Auch die Gabe von rohfaserreichem Futter wie Klee-Gras-Silage oder Stroh wird als Möglichkeit gesehen, die Energieversorgung der Mikroorganismen im Darm zu beeinflussen und den Skatolgehalt im Fleisch von Ebern zu senken. Eine Untersuchung des Thünen-Instituts für Ökologischen Landbau lieferte hier jedoch kein eindeutiges Ergebnis.

Geeignete Fütterungstechnik für Eber

Weil das Futteraufnahmevermögen von Ebern geringer ist, sollte die Fütterung technisch so ausgelegt sein, dass die Tiere ständig und uneingeschränkt Zugang zum Futter haben (ad libitum Fütterung). Denn Jungeber zeigen von Tag zu Tag deutliche Schwankungen in der Futteraufnahme. Eine ausreichende Anzahl an Fressplätzen vermeidet Konkurrenzsituationen. Aggressivität und Rangeleien in der Bucht und somit auch die Verletzungsgefahr der Tiere werden auf diese Weise vermindert. Und auch rangniedere Tiere habe die Möglichkeit, ausreichend Futter aufzunehmen. Je ungehinderter die Tiere fressen können, desto ruhiger verhält sich die Gruppe und umso homogener wächst sie heran.

Für einen reibungslosen Verlauf der Ebermast ist es wichtig, dass die Fütterungstechnik zuverlässig funktioniert. Breiautomaten mit einem weiten Tier-Fressplatz-Verhältnis, aber auch Flüssigfütterungssysteme mit Sensortechnik zur Futtermengensteuerung bieten gute Voraussetzungen für die Jungebermast. Einen Überblick über die geeignete Fütterungstechnik für Schweine bieten die Merkblätter der Deutschen Landwirtschaftsgesellschaft (DLG).

Aktuelle Forschungsprojekte

Die bedarfsgerechte und zugleich wirtschaftliche Fütterung von Ebern ist weiterhin Gegenstand der Forschung. Derzeit geht es unter anderem um die Frage, wie eine nachhaltige Ebermast auch im ökologischen Landbau verwirklicht werden kann und welche Maßnahmen der Fütterung hierfür notwendig sind. Das Bundesprogramm Ökologischer Landbau und andere Formen nachhaltiger Landwirtschaft (BÖLN) finanziert diese Forschungen.
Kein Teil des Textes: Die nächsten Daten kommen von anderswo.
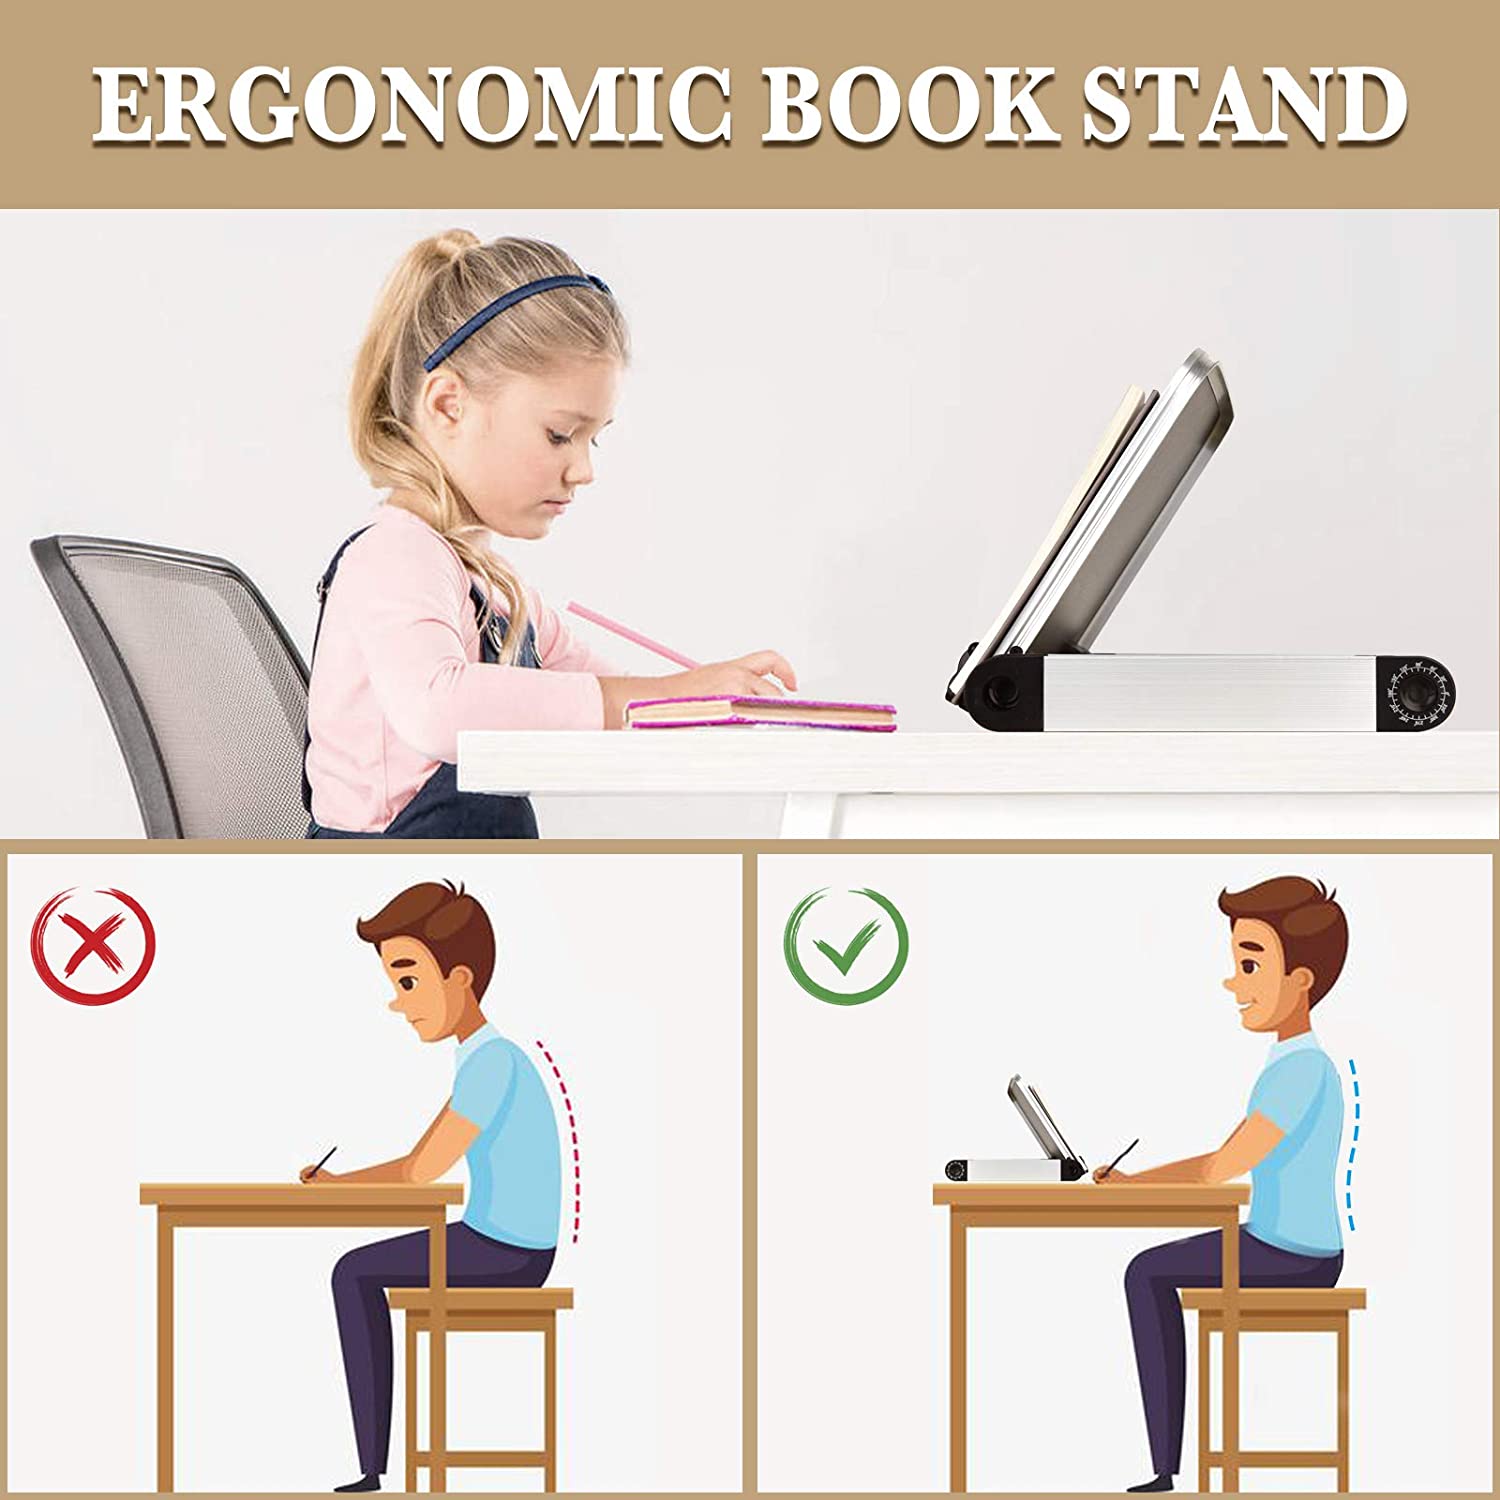 Book Stand, Book Holder Adjustable Height & Angle Ergonomic with Page Paper Clips for Reading Big Heavy Textbooks Music Books Tablet Cook Recipe Hands Free ,White,Amazon Banned

Ein weiteres Forschungsvorhaben, das vom Forschungskreis der Ernährungsindustrie (FEI) koordiniert wird, untersucht die Applikation von Pflanzenkohle als Futtermittelzusatz zur Skatol- und Indolreduktion, um eine kostengünstige und tierschutzgerechte Reduzierung des Ebergeruchs ohne Kastration zu ermöglichen.